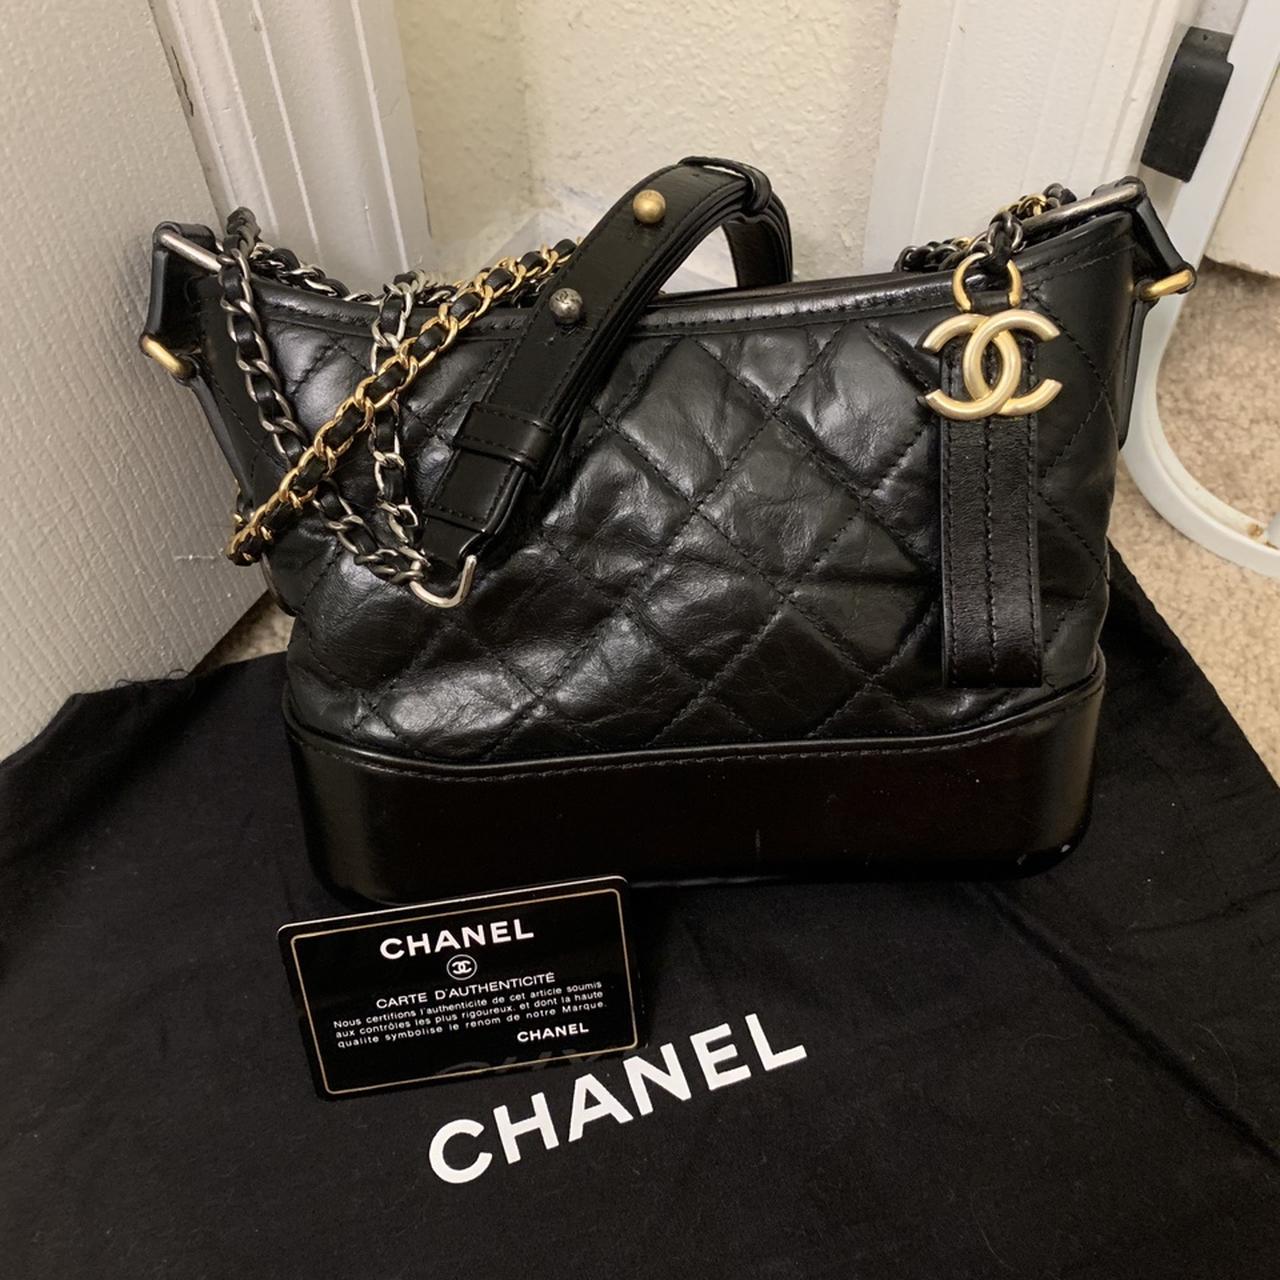 Chanel Dust Bag Black Cotton Bag Storage Bag Made in
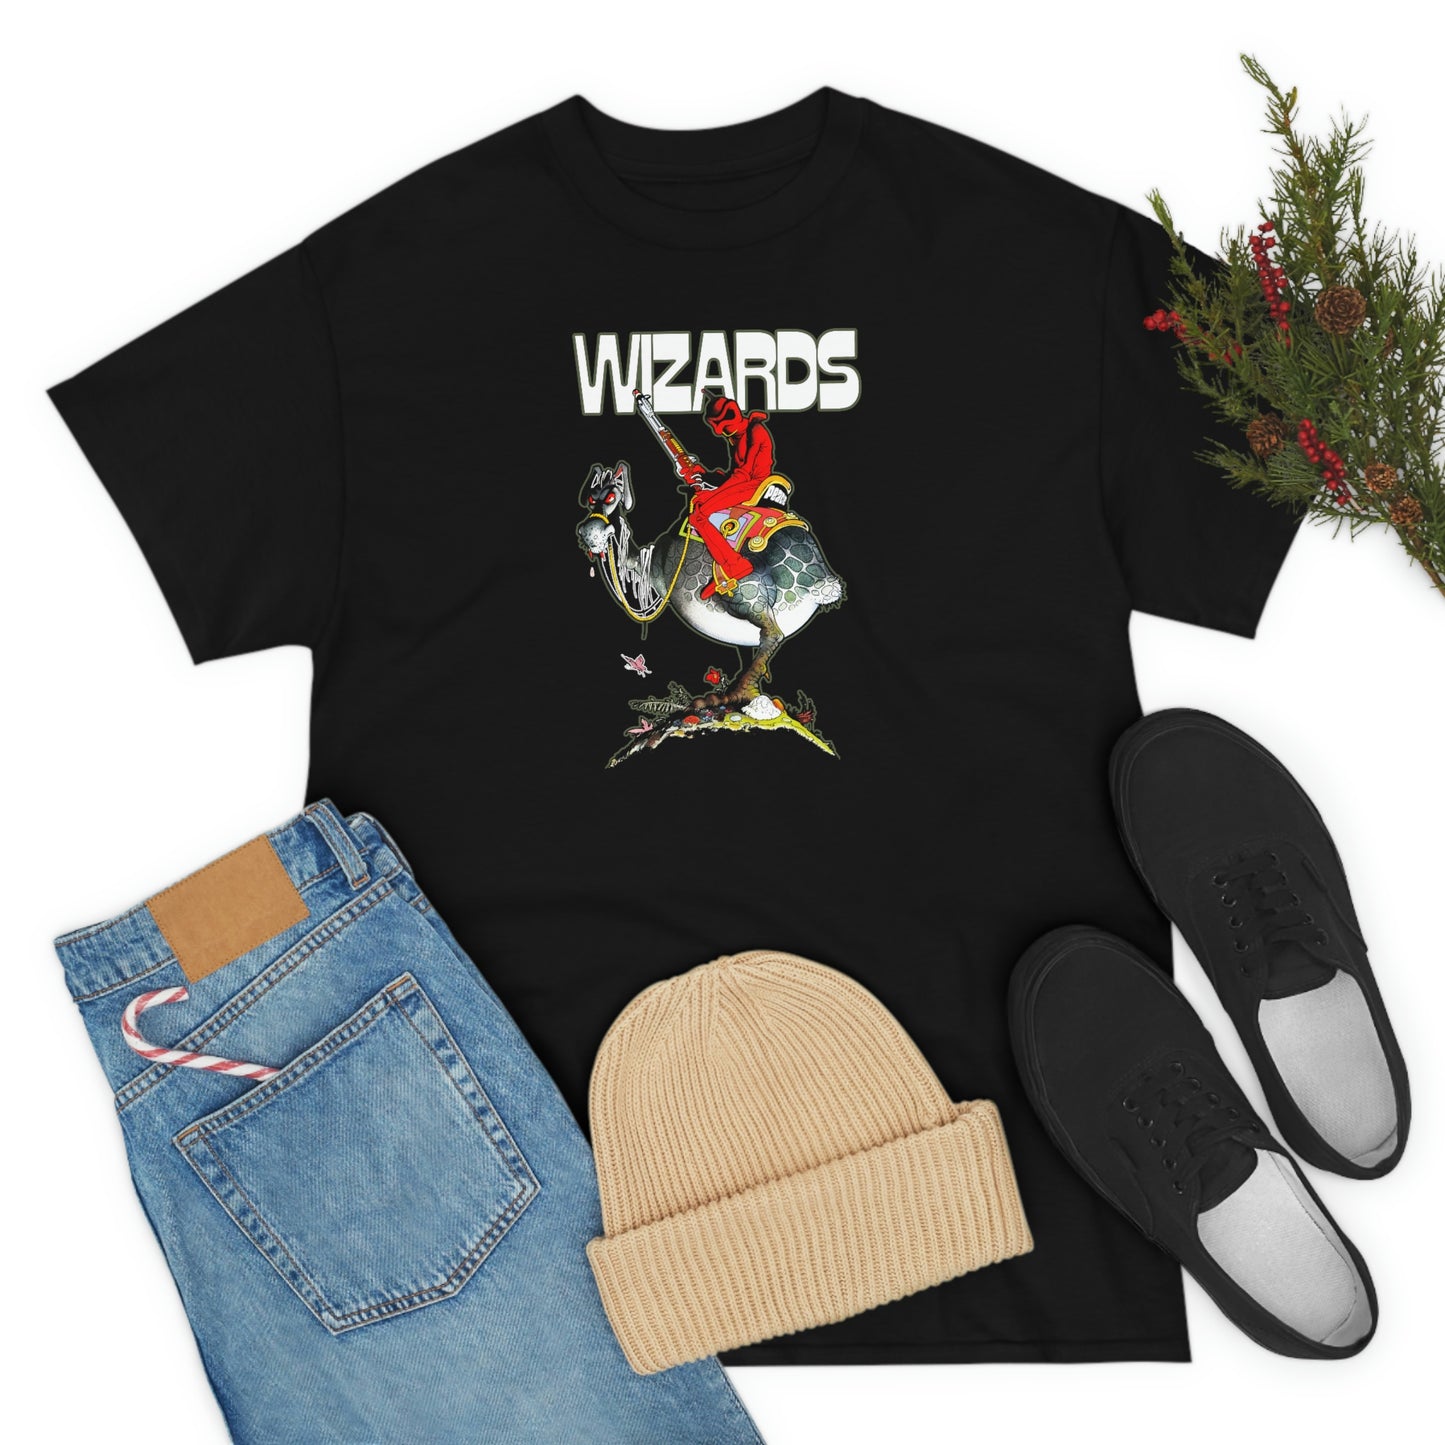 Wizards T-Shirt
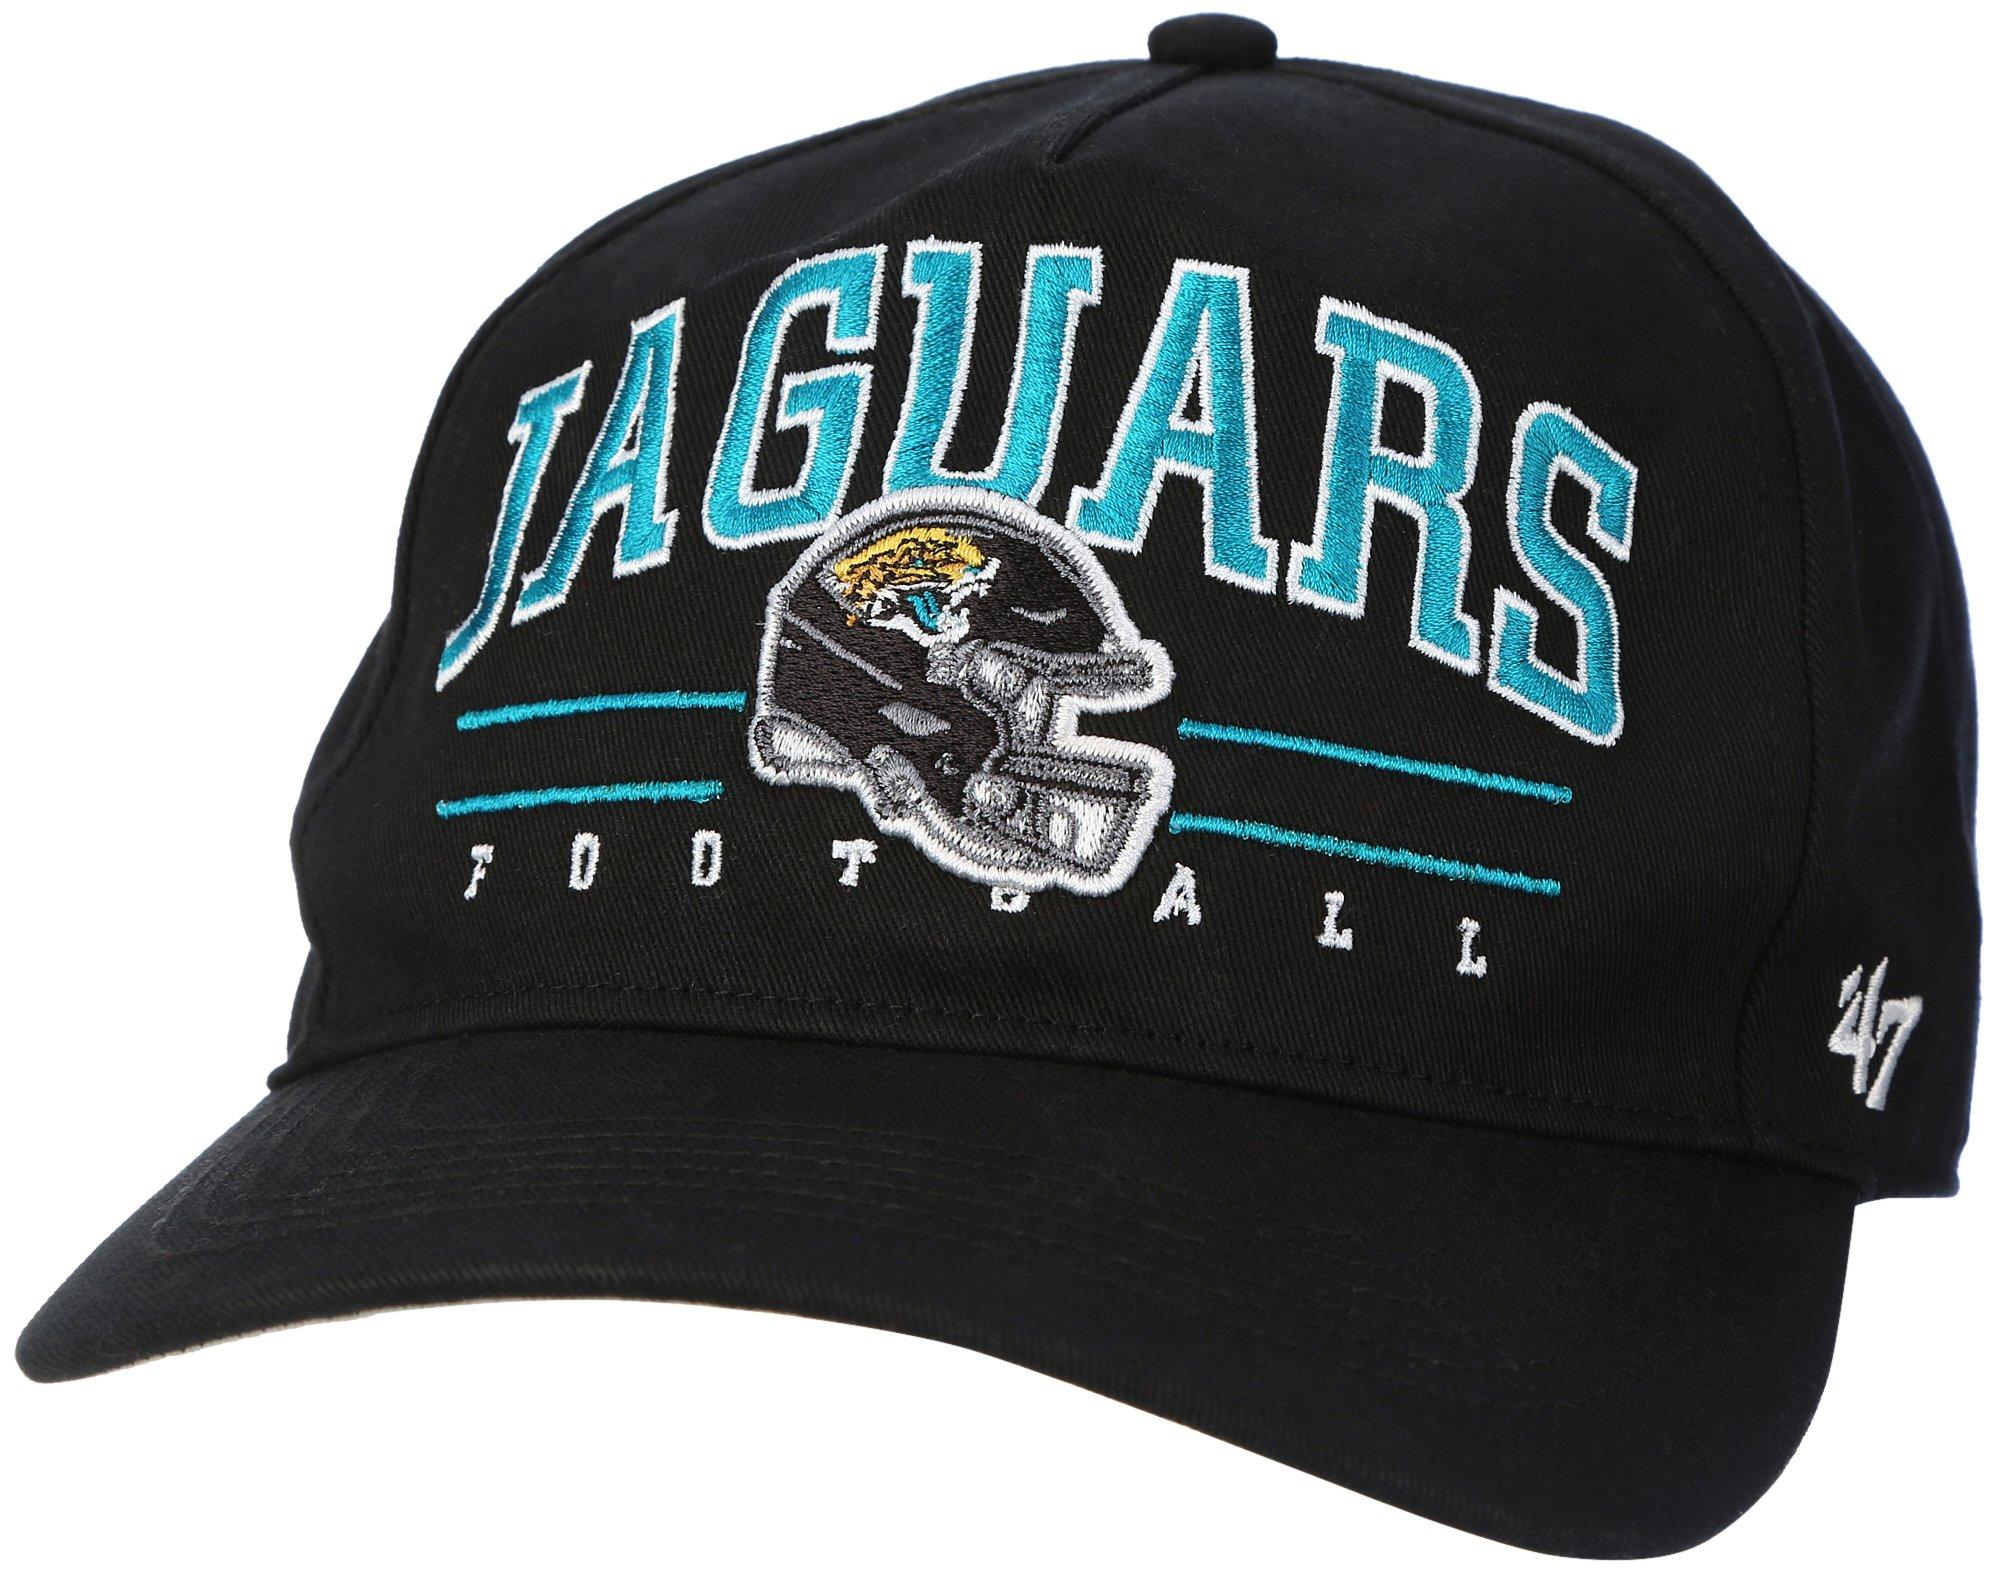 Jacksonville Jaguars Snap-Back Baseball Cap

**TASK**
The answer must be the full listing above, copied exactly, with no pictures in it.

**RESULT**
 Chanel Dust Bag Black Cotton Bag Storage Bag Made in
 Wizards T-Shirt
 Jacksonville Jaguars Snap-Back Baseball Cap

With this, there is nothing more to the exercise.